In order to increase, in a simple and effective manner, the power density of the superconducting electrical machine 1, the electrical machine 1 further comprises a flux barrier 12, comprising a superconducting material, which is centered on the X axis of rotation and which extends radially inside the superconducting pads 7 and radially outside the adiabatic enclosure 9. The flux barrier 12 is therefore positioned at the center of the electrical machine 1 so as to mask the parts which do not not participate in the generation of the torque, such as the drive shaft, the cooling assembly or the seals. The flux barrier 12 therefore forms a screen for the parts housed in the adiabatic enclosure 9, which do not participate in the generation of the torque, which makes it possible to concentrate the magnetic flux at the level of the superconducting pads 7, and therefore to increase the power density of the electric machine 1.

In one embodiment, the flux barrier 12 is placed between the superconducting pads 7 and the X axis, around the parts housed in the adiabatic enclosure 9, and extends continuously along the entire internal periphery of the superconducting pads 7. The flux barrier 12 is also coaxial with the axis X. The magnetic flux is thus screened over 360° and the power density of the electrical machine 1 is maximized. Assuming that the magnetic field created by the superconducting coil 6 alone varies very little over its radius, half of the magnetic flux of this same coil 6 passes through the parts housed in the adiabatic enclosure 9. Therefore, the presence of the barrier of flux 12 makes it possible to recover 50% of the magnetic flux to increase the induction in the useful part, and therefore to increase the power density of the electric machine 1 by approximately 30%.

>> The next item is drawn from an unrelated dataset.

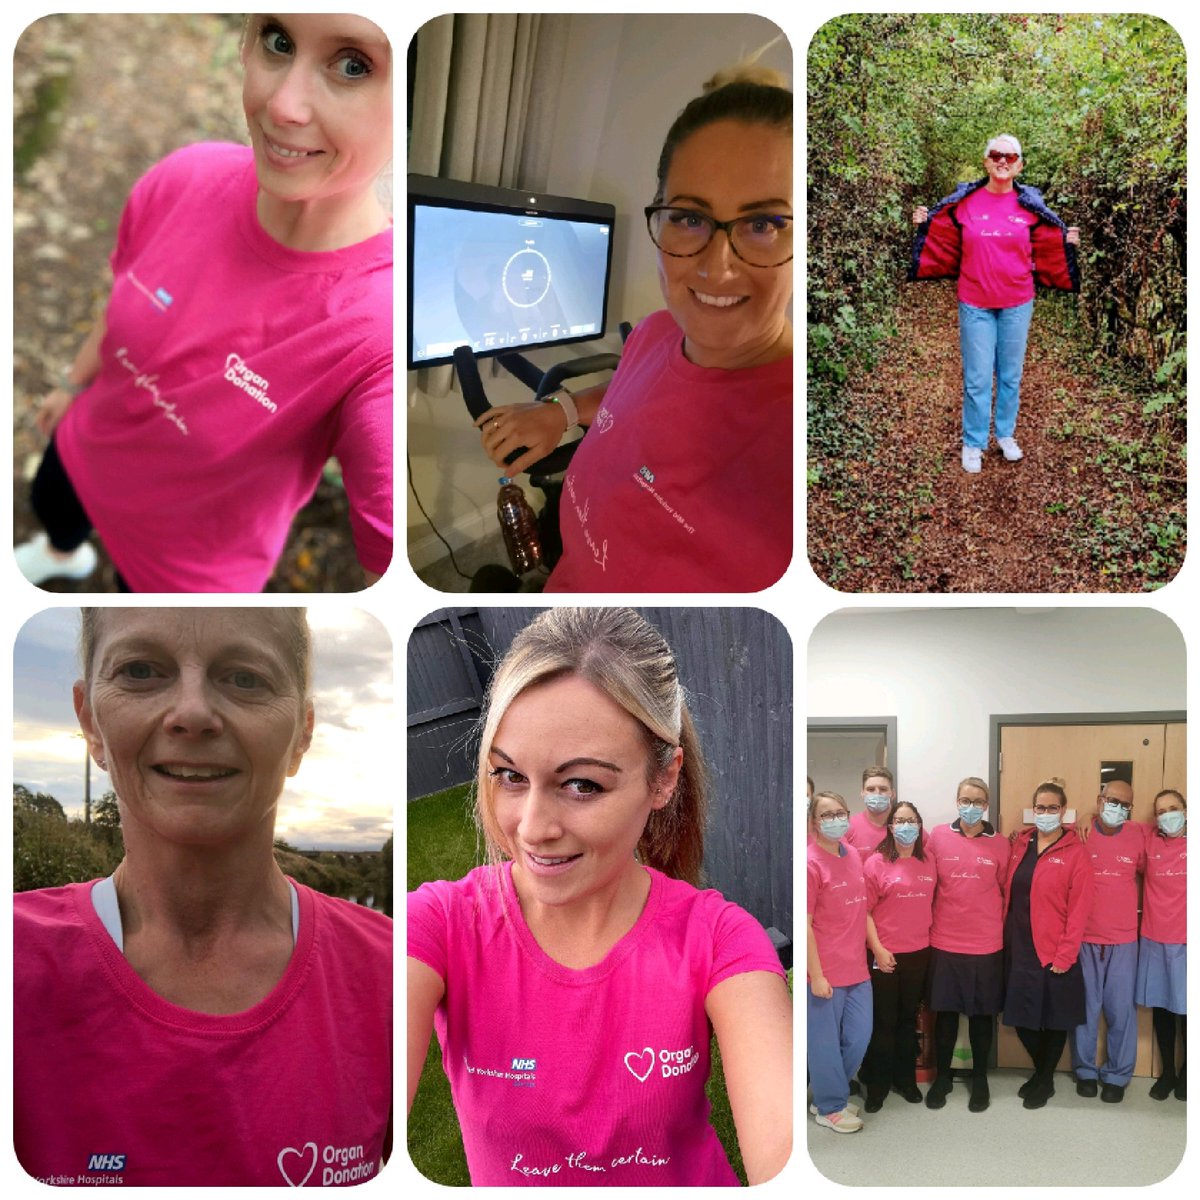 Some of #teamicu who have embraced the challenge & taken part in @Race4Recipients #critcare #OrganDonationWeek #race4recipients

In addition, the parts of the electrical machine 1 which include ferromagnetic materials, such as the seals if these include ferromagnetic parts, are then protected from the magnetic field. Indeed, in the absence of a flux barrier 12, there is a risk of saturating these ferromagnetic materials and therefore of causing the cooling assembly, and therefore the electrical machine 1, to fail.

The flux barrier 12 can be made of any of the superconducting materials envisaged for the superconducting pads 7 listed above. If necessary, the flux barrier 12 can be made of the same superconducting material as the pellets 7. The flux barrier 12 can also be cooled analogously to the superconducting pellets 7.

The flux barrier 12 can be fixed on the rotor or the stator of the electric machine 1.

In a first embodiment illustrated in FIG. 1, the flux barrier 12 is fixed on the rotor of the electric machine 1, for example on the superconducting pads 7 and/or on the support structure 8 on which the superconducting pads are mounted. 7. This configuration makes it possible to use a flux barrier 12 having a greater thickness (of the order of ten to twenty millimeters in thickness) and therefore to improve the shielding of the magnetic field. Indeed, when the flux barrier 12 is fixed at the level of the rotor, it can be made in one piece with the superconducting pads 7 used for the modulation of the flux. These pads 7 are typically thicker than the flux barrier 12 used for protection (a good quality of screening being required for the modulation of the field). However, when the flux barrier 12 and the pellets 7 are in one piece, for simplicity of production, they may have the same thickness. A consequence is then the improved screening for the ‘protective’ flux barrier 12.

The flux barrier 12 can for example be fixed on a radially internal edge of the superconducting pads 7 (that is to say the edge of the superconducting pads 7 which is closest to the axis X).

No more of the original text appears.